From the pages of
Sublette Examiner
Volume 4, Number 43 - January 20, 2005
brought to you online by Pinedale Online

Pilot program for elk proposed

by Cat Urbigkit

If the governor adopts the recommendations of the Wyoming Brucellosis Task Force, as part of the Brucellosis Management Action Plan process for elk, the Wyoming Game and Fish Department would set specific short-term seroprevalence targets and timelines for achievement in concert with minimal population impact (e.g., less than 10 percent loss in population objective via test and remove, contraception, etc.). By Fiscal Year 2006, the state wildlife agency would establish a five-year pilot project to institute a seroprevalence reduction program within the Pinedale Elk Herd unit.

WG&F's objective for this project would be to achieve a statistically significant reduction in seroprevalence, at a 95-percent confidence level. The pilot project would not be a stand alone project; other projects should be concurrently developed with the seroprevalence reduction objective. The task force recommended that WG&F should obtain advice from outside experts to assure that the study is well-designed and able to withstand scientific and controversial scrutiny.

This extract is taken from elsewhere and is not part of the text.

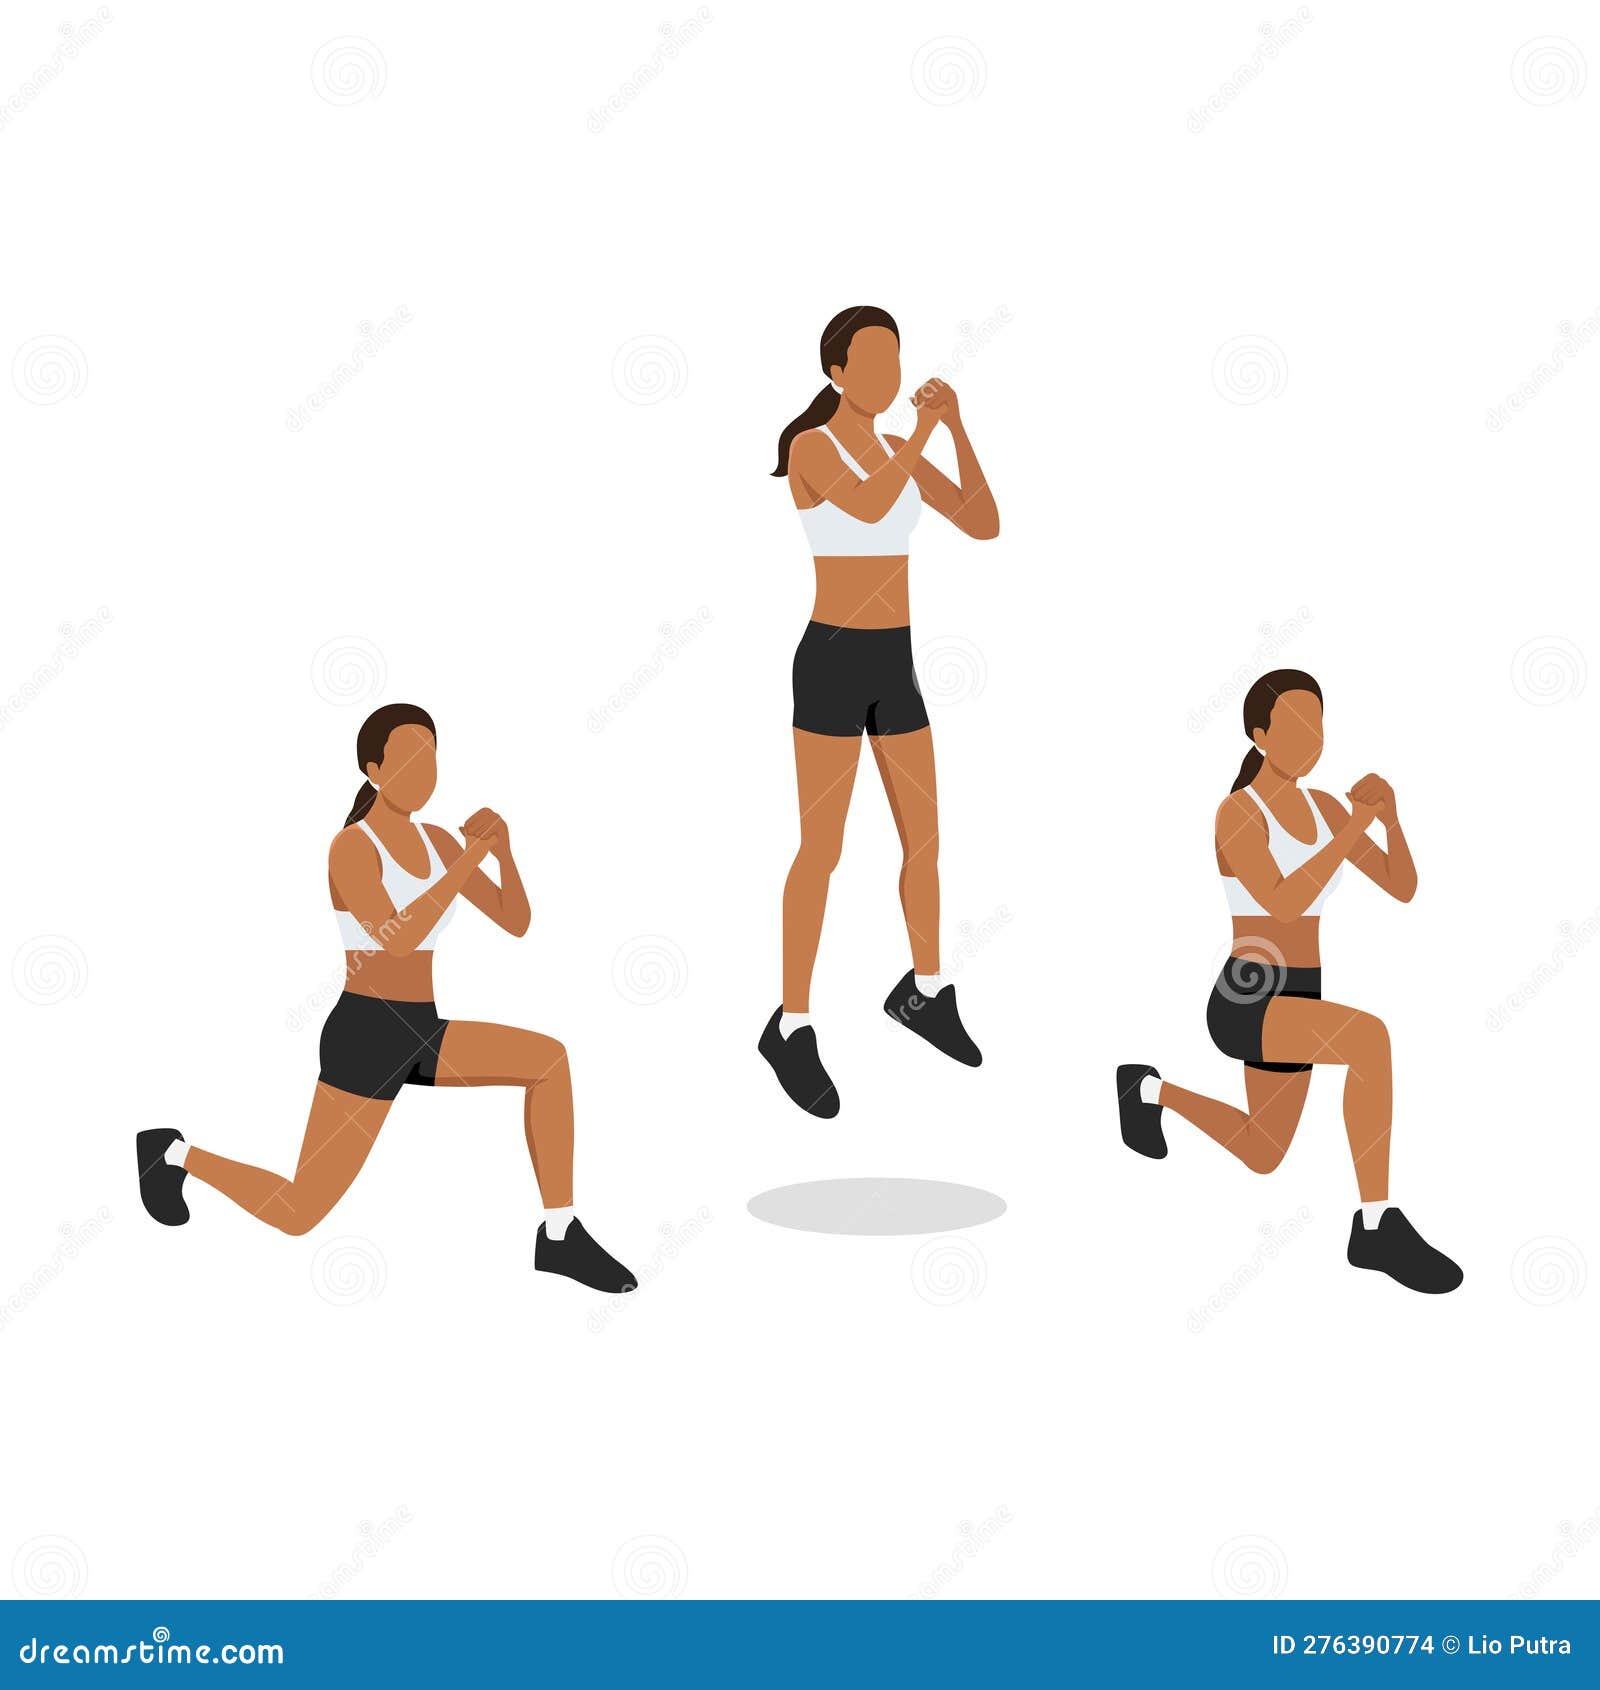 Woman Doing Explosive Jumping Alternating Lunges Exercise in 3 Steps ...

The pilot project would be viewed as an experiment to be evaluated annually with a re-evaluation of the success of the project at the end of five years. The task force recommended that the pilot project should not be extended to other feedgrounds without public review and comment.

Options for the pilot project proposal might include:

• Test-and-harvest by hunting low-risk seropositive cows.

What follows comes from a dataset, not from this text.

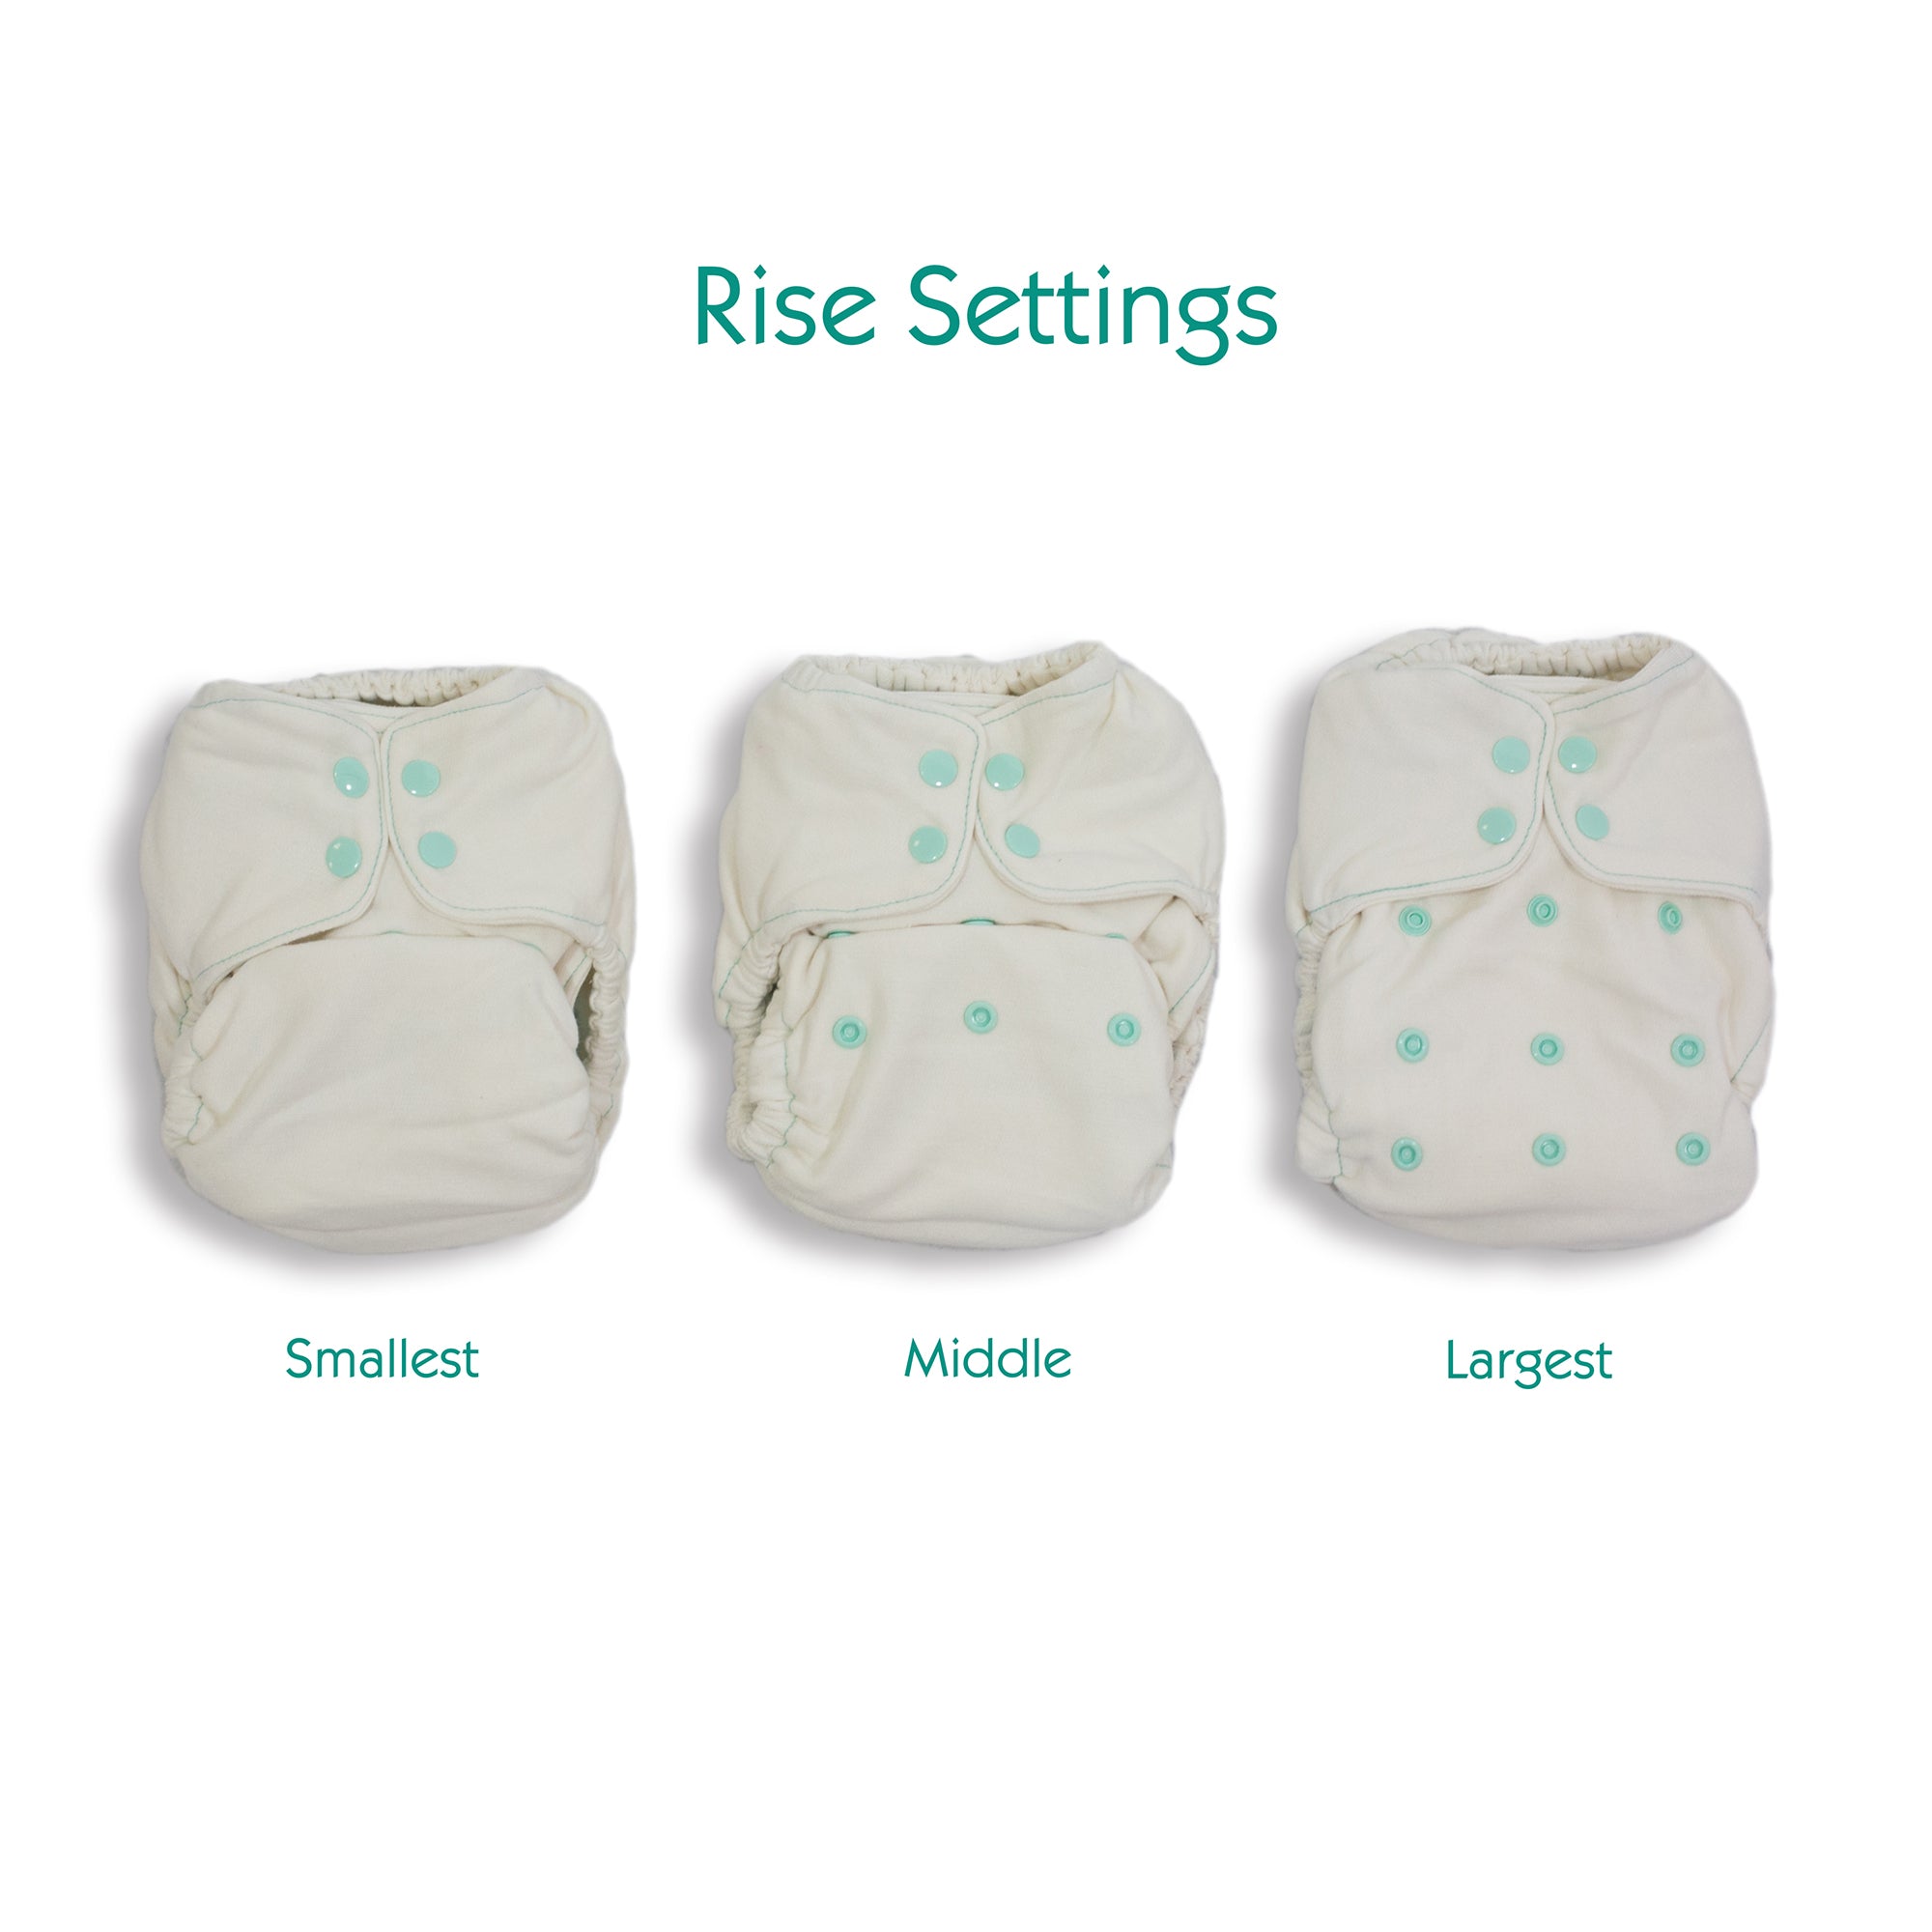 -image of fitted rise settings

• Removal of high risk, seropositive elk.

• Research elk reproductive management which may include contraception, artificially induced abortion or other reproductive management tactics in young positive cows.

• Create a brucellosis team sufficient to implement the recommendation.

• Permanently identify any elk trapped, tested and released from feedgrounds.

• Elk vaccination.

• Enlarge existing feedground acreages to disperse elk.

• Use habitat manipulation and acquisition to help disperse elk.

• Obtain portable and/or permanent, traps and corrals on feed grounds to help in the testing, vaccination, and removal of positive elk.

In addition, the task force recommended that, on a rotating five-year cycle, WG&F, with public input, evaluate elk herd unit population objectives where brucellosis is present and, as part of the BMAP process, evaluate opportunities to modify, merge or phase out any winter elk feedground, perhaps after reduction of seroprevalence, within the herd unit. The vote in favor of this recommendation was 12-4.